Monatsarchiv: April 2016

Jarons Reise #012

XII

Jaron hatte das Feuer schon am Abend zuvor entzündet, um eine gute Glut zu bekommen. Jetzt, am nächsten Morgen, legte er die feuchteren Brennmaterialien auf eine kleine Rampe und hoffte, dass das Nachrutschen funktionieren würde. Er war sich auch nicht sicher, ob das raucherzeugende Material überhaupt reichte. Für einen Testlauf fehlte ihm aber die Geduld. Jaron hoffte einfach, dass ihm die Rauchsäule zumindest als grobe Orientierung für den Hinweg reichen würde. Für den Rückweg vermutete er, dass er sich auf die Kerben verlassen konnte.

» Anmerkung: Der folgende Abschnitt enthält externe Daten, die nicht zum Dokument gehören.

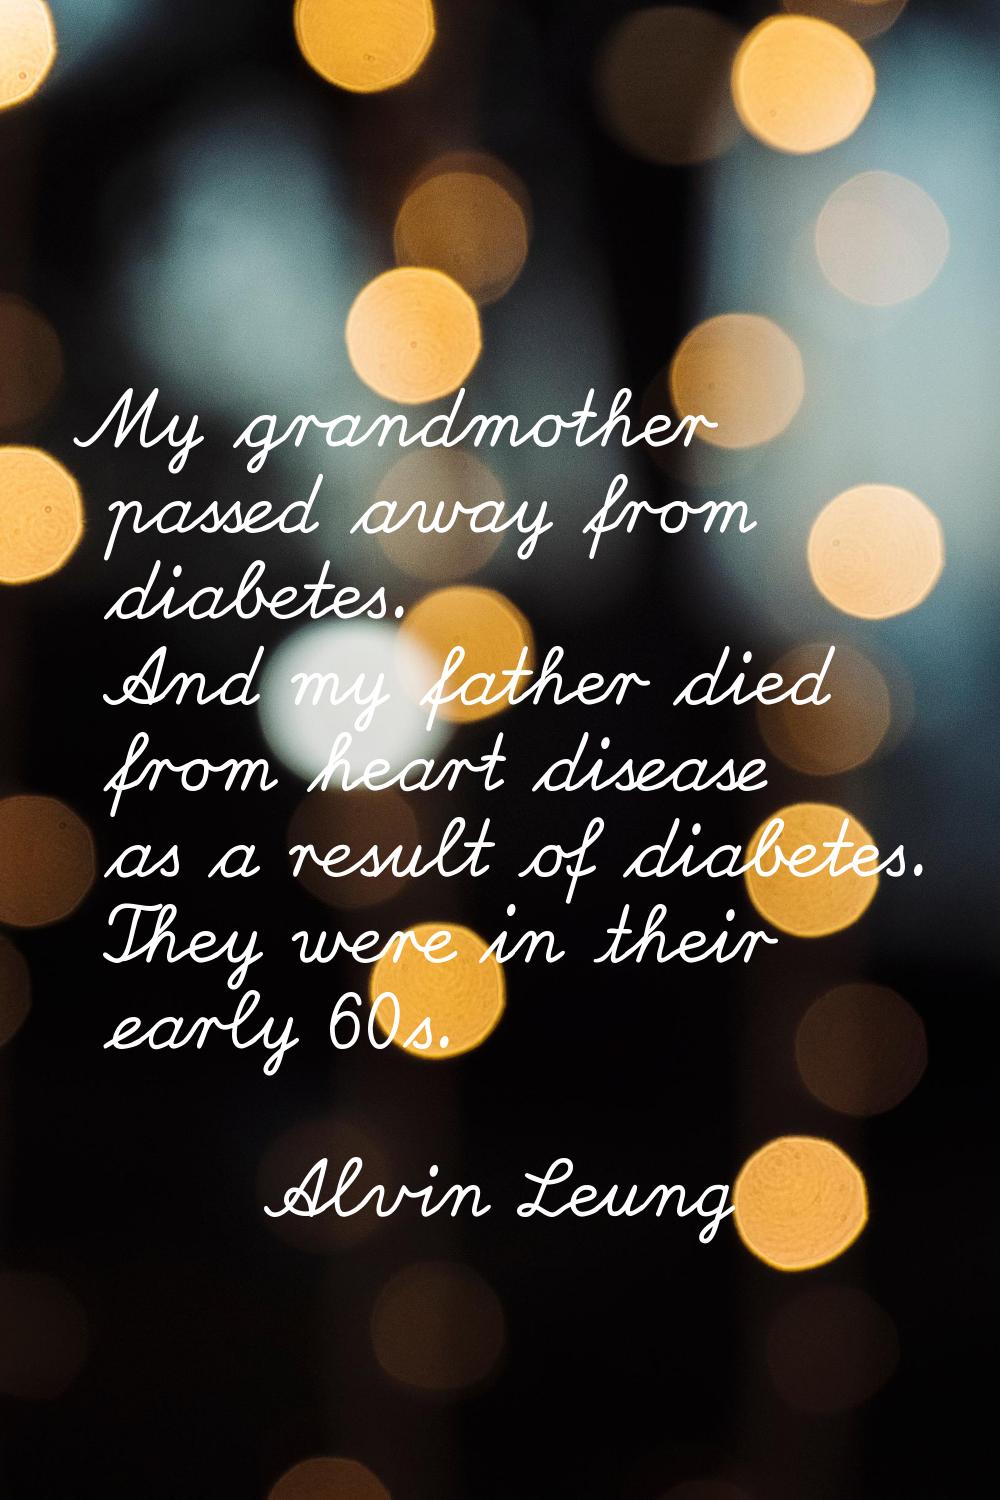 My grandmother passed away from diabetes. And my father died from heart disease as a result of diab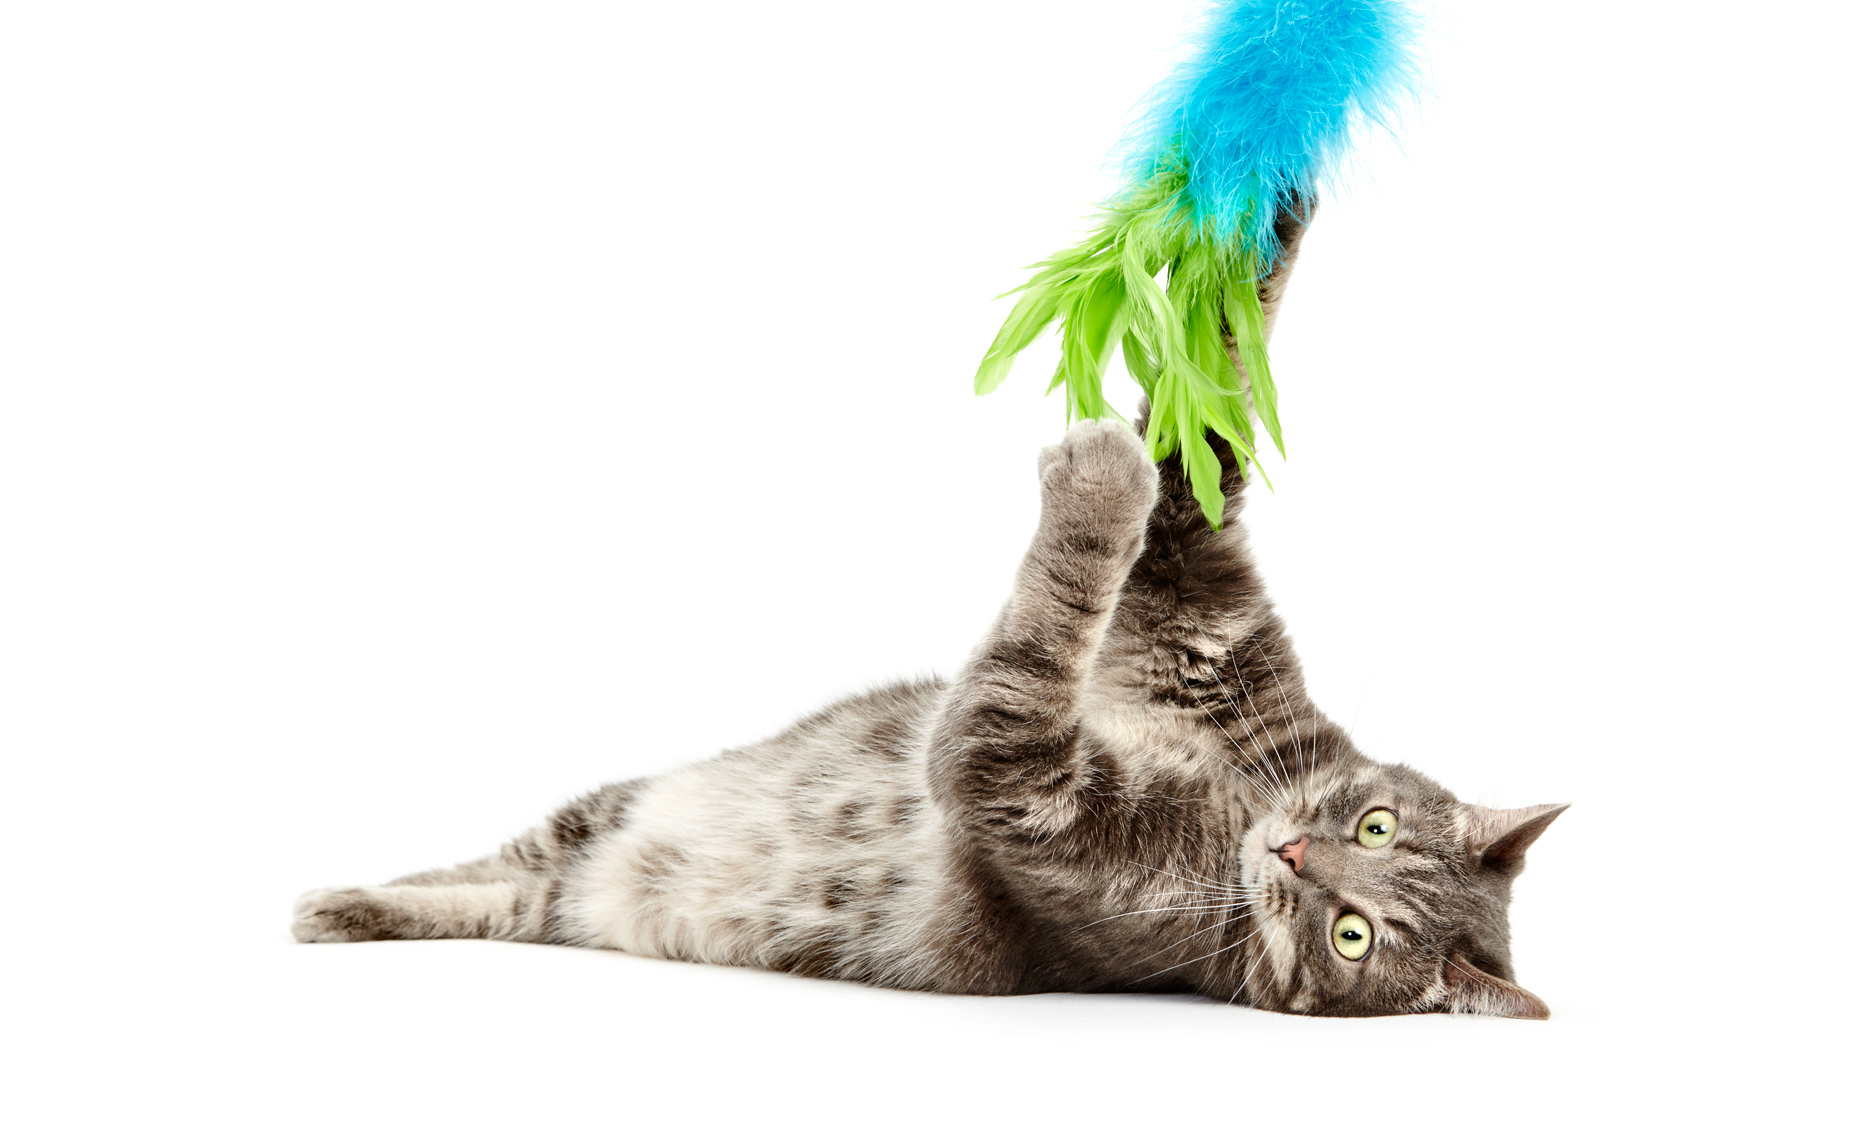 Cat playing with duster toy

Also machte Jaron sich auf den Weg. Der erste Ausflug sollte ihn gen Westen. Die Sonne im Rücken ging er los und stellte bald fest, dass auch in dieser Gegend, wie in seinem Jagdrevier, die Bäume vorwiegend im Westen am stärksten verwittert waren. Also machte er die Kerben auf dieser Seite, damit er sie auf dem Rückweg immer vor sich hatte und sie leichter finden konnte.Gezeichneter Busch

Allerdings kam er nur langsam voran. Der Wald war noch dichter als erwartet und wurde immer wieder von Gestrüpp durchwuchert. Er musste also hart arbeiten, um sich einen möglichst geraden Weg frei zu schlagen. Dafür war die Presche leicht wieder zu erkennen und es würde ihm leicht fallen, den Rückweg zu finden. Außerdem fanden sich unter den niedrigen Büschen immer wieder Beerensträucher. Dankend nahm er die saftigen Beeren als kleine Erfrischung an.

Da sich die Sonne jedoch schon langsam über den Zenit schob und Jaron immer noch nicht an der verhofften Lichtung angekommen war, wurde er allmählich angespannter. Dass er die Rauchsäule schon längst nicht mehr sehen konnte, die Bäume waren einfach zu hoch und zu dicht, stimmte ihn nicht gerade besser. Immer öfter hörte man Flüche durch den Wald schallen.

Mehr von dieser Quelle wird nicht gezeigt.